Madrid arremete contra la eliminación de las pruebas de recuperación en la ESO: «La Ley es un caos»

El consejero de Educación y portavoz del Gobierno madrileño, Enrique Ossorio, ha cargado contra el Gobierno de Pedro Sánchez al acusar una vez más al Ejecutivo de «improvisación, caos y desorden» por la decisión en este caso del Ministerio de Educación de eliminar este mismo curso las pruebas de recuperación en la etapa de Educación Secundaria Obligatoria.

De esta manera el consejero madrileño ha señalado sobre esta cuestión que es «ejemplo más del caótico y desordenado desarrollo que está teniendo» la Ley Celaá (Lomloe), la norma «más dañina en la de la Educación en España”. 

Sobre esta materia tanto Madrid como y otras comunidades del Partido Popular habían solicitado una moratoria de un año para aplicar la medida del futuro real decreto sobre titulación y promoción en la enseñanza, que preveía el fin de estos exámenes en la ESO (no así en Bachillerato).

La ministra de Educación, Pilar Alegría, se hizo eco de estas peticiones e introdujo en la norma la posibilidad de una moratoria de un año en su implementación, pero el último dictamen del Consejo Escolar del Estado rechaza esta opción por considerar que no puede haber distintos criterios en esta materia en función del territorio.

La recomendación del Consejo Escolar es de carácter «esencial», por lo tanto obligatorio.

La Lomloe entró en vigor en enero de 2021, hace dos meses que comenzó el curso y los docentes, «que ya han empezado a evaluar a sus alumnos del primer trimestre, no tienen unos criterios establecidos para ello».

«Tampoco tienen certezas de si, tal y como establece los borradores del Real Decreto que hemos conocido, deberán responsabilizarse de decidir con cuántas asignaturas se pasa de curso», afirman las fuentes, que piden retrasar la entrada en vigor de esta normativa, cuya aprobación será en el próximo Consejo de Ministros.

Según la Consejería de Educación, «en una muestra más de improvisación, el Ministerio de Educación y FP cambia las reglas del en mitad del partido propiciando un estado de inseguridad a los equipos directivos y de docentes. Se trata de enésimo incumplimiento del Gobierno socialista que anuncia la toma de decisiones sin tener la certeza de que se pueda llevar a cabo».

Por otro lado, la Comunidad de Madrid reitera la solicitud que hizo en septiembre de aplazar la entrada en vigor al curso escolar 2023/24 de los nuevos currículos educativos prevista para el de 2022/23 en 1º, 3º y 5º de Primaria, 1º y 3º de ESO y 1º de Bachillerato.

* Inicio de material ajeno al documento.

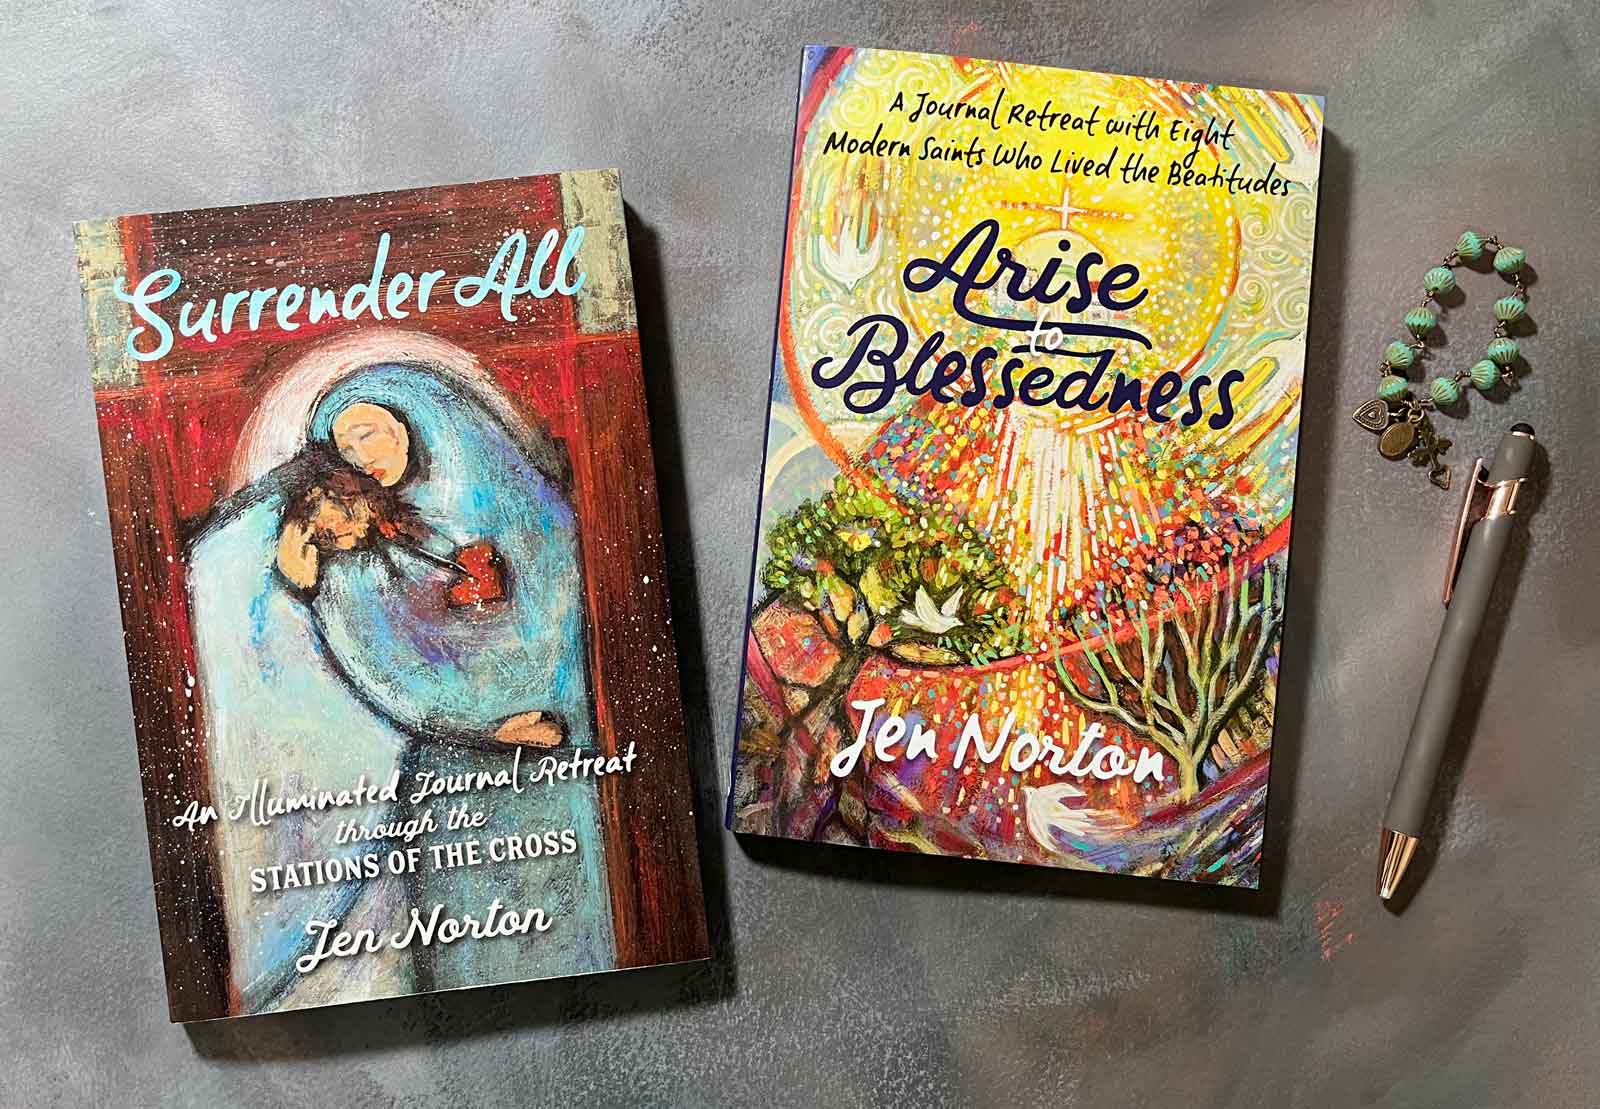 Books by Jen Norton, Ave Maria Press. Surrender All and Arise to Blessedness.
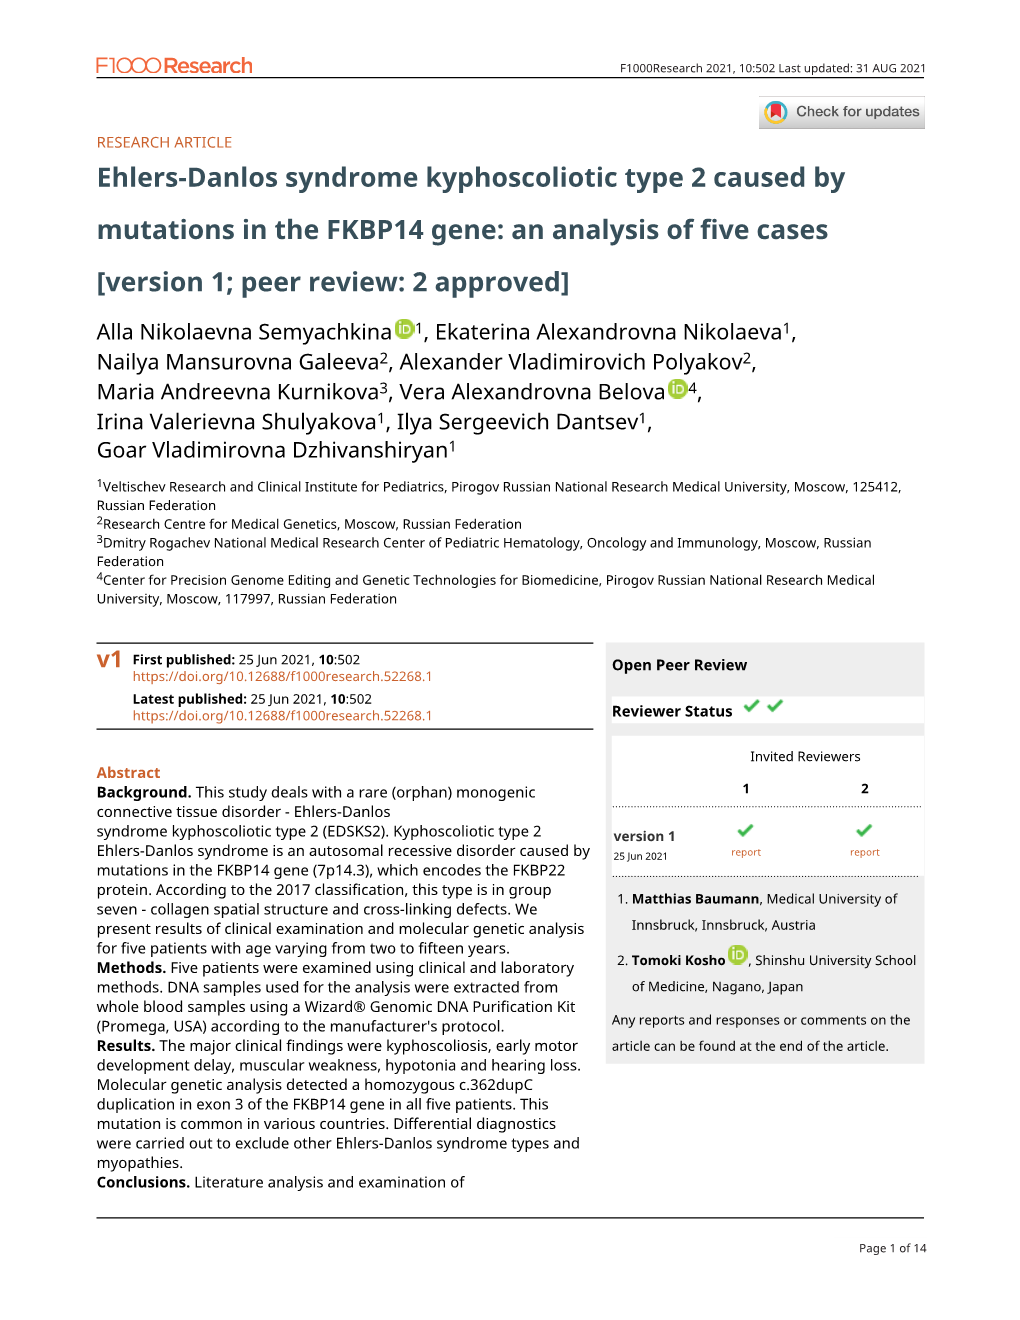 Ehlers-Danlos Syndrome Kyphoscoliotic Type 2 Caused by Mutations in the FKBP14 Gene: an Analysis of Five Cases [Version 1; Peer Review: 2 Approved]

Los sindicatos UGT y Stes  de la mano del Gobierno

Los sindicatos UGT y Stes creen que la medida de eliminar este mismo año los exámenes de recuperación de la ESO es acorde a los objetivos de la Ley Celaá -uno de cuyos objetivos es mitigar el fracaso escolar- y ponen el foco en la necesidad del apoyo a los alumnos con dificultades de aprendizaje.

Tras conocerse el dictamen del Consejo Escolar del Estado, contrario a la moratoria del Ministerio de Educación para que las comunidades que quisieran aplicar esta medida lo hicieran el próximo curso, UGT cree que es una medida en consonancia con los objetivos de la Lomloe, porque se centra en evitar el fracaso escolar y en la detección temprana de problemas en el proceso de enseñanza-aprendizaje.

«Pero mucho nos tenemos que no se cuenten con los recursos necesarios que pasan por una reducción de las ratios y de la carga lectiva de los docentes para conseguir una educación más individualizada que es en definitiva, en el único contexto que tiene sentido la medida», según explican  fuentes de UGT.

Por su parte, Stes opina que lo «fundamental» del futuro real decreto de evaluación, promoción y titulación, que aprobará el próximo Consejo de Ministros, es que quien decide si pasa un alumno de curso es el equipo docente, y añade que se «deberían de garantizar los apoyos necesarios».